Quantitative evaluation of the 3-D colocalized regions of RF and TF, respectively with organelle protein markers. Overlapping, i.e., colocalized, volumes (cm³) for either Rd-RF [A] or FITC-TF [B] with organelle channels were expressed as a percentage of the total volume for Rd-RF or FITC-TF. The Pearson’s Correlation (PC) was chosen to define the similarity of 3-D shapes between ligands and overlapping channels with organelle markers. Data are expressed as the mean ± SEM for 3 - 4 regions of interest. All values were > 0.0 and, thus revealed a positive correlation for pattern recognition between channels.

Figure 7

Translocation of [³H]-RF and [¹²⁵I]-TF to the Golgi and mitochondria in BeWo cells. Post-nuclear fractions collected after 2 hr internalization of [³H]-RF and [¹²⁵I]-TF in BeWo cells were immunoblotted for Golgi (GM130, [A]) and mitochondria (cytochrome c, [C]). Confocal 3-D images of either Rd-RF or FITC-TF after 60 minutes internalization in BeWo cells were analyzed for colocalization (arrows and yellow regions) with Golgi [B] and mitochondria [D]. Confocal images are defined by orthogonal profiles as described in figure 5 and fluorescent signals were merged with DIC images (right columns, [B] and [D]).

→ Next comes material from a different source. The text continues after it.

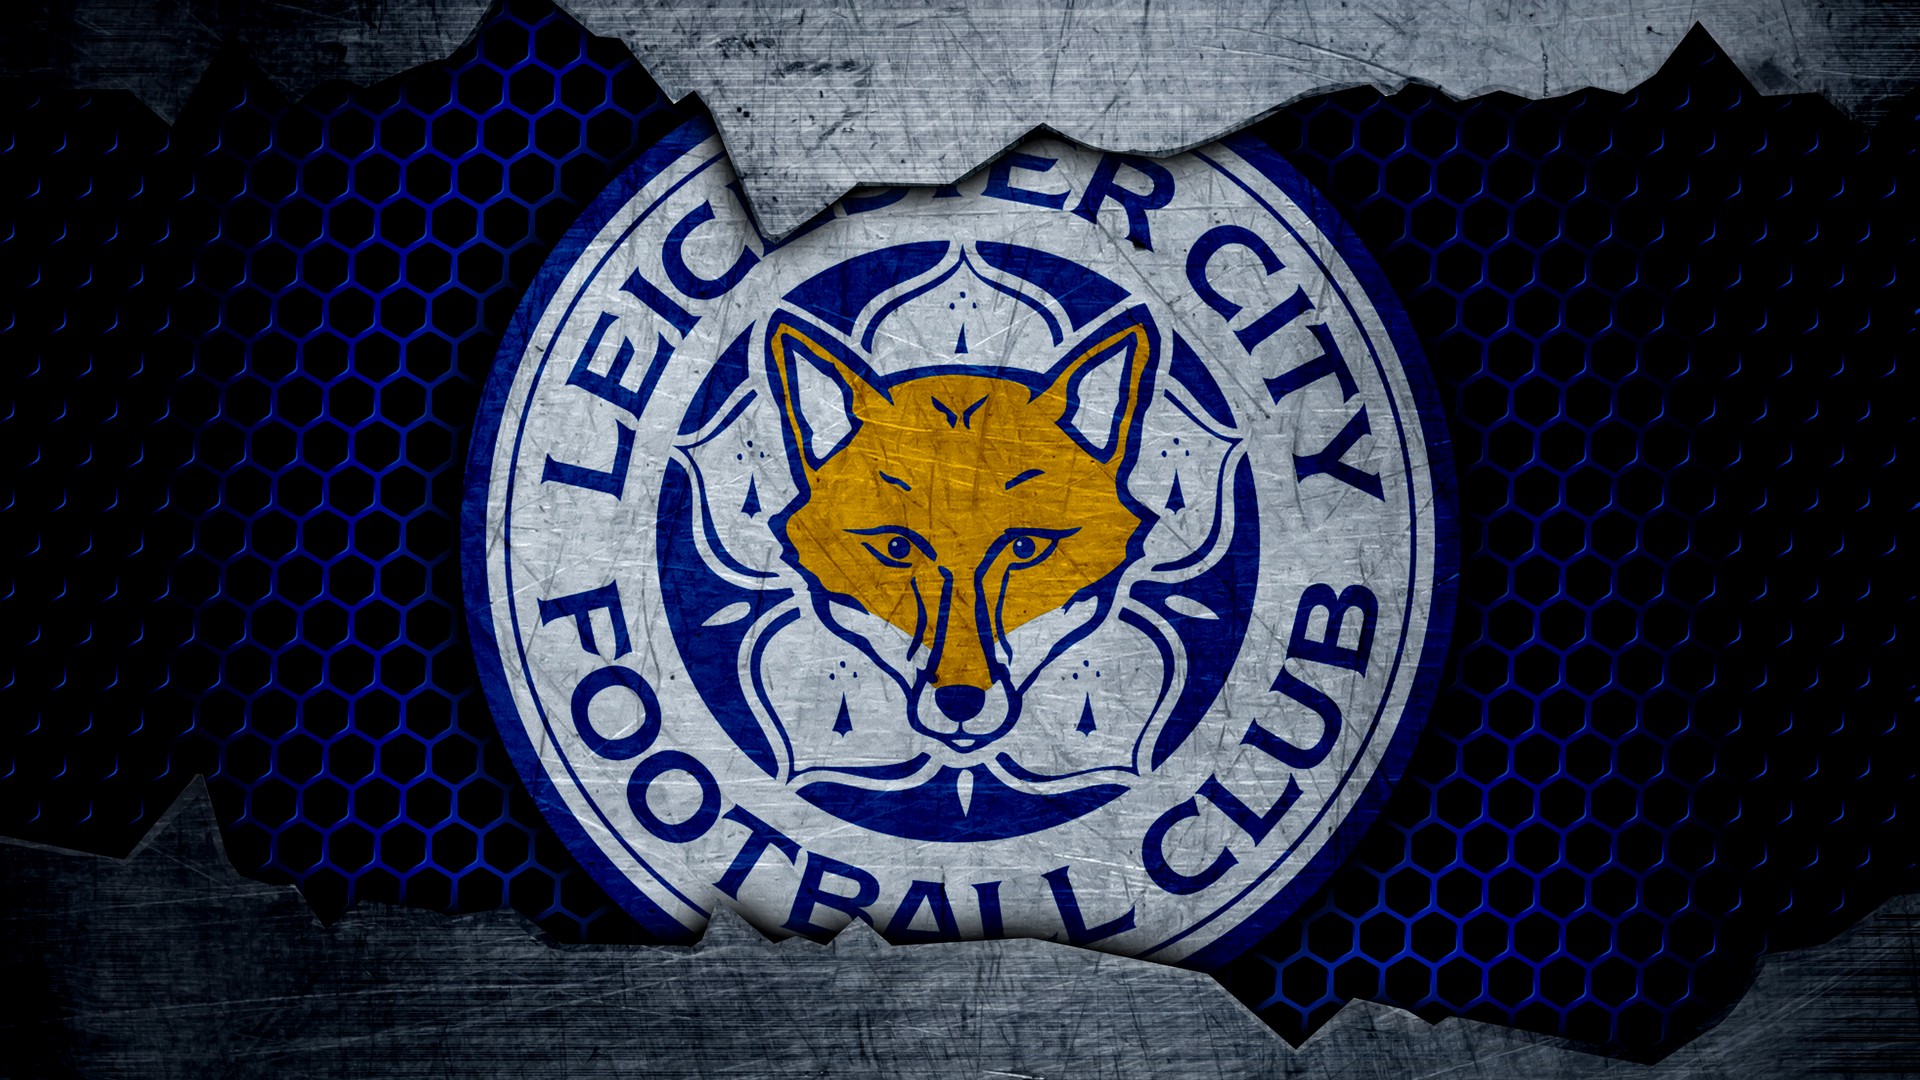 Wallpaper Desktop Leicester City HD With high-resolution 1920X1080 pixel. You can use this wallpaper for your Desktop Computers, Mac Screensavers, Windows Backgrounds, iPhone Wallpapers, Tablet or Android Lock screen and another Mobile device

Scale bars represent 10 μm and nuclei (N) are defined in DIC images.

Figure 8

Cyclic AMP regulation of the RF internalization process. [A] Determination of cAMP accumulation in BeWo cells after stimulation with riboflavin or forskolin. BeWo cells cultured as described in the experimental section were stimulated via incubation with the indicated concentration of either forskolin (closed squares) for 10 minutes, or riboflavin (open circles) for 40 minutes. Data are a representative curve from three independent experiments showing similar results. [B] Inhibitory effects of riboflavin on forskolin-stimulated cAMP accumulation. BeWo cells were washed and then incubated with the indicated concentrations of riboflavin dissolved in HF12K (20 mM HEPES buffered F12K, pH 7.4, 37 °C). After 10 minutes HF12K was removed and cells were stimulated with 1μM forskolin in the continued presence of riboflavin. cAMP accumulation was then determined as described in the experimental section. Dashed line indicates 1μM forskolin stimulated accumulation in the absence of riboflavin. Results are expressed as mean S.D. (n = 5).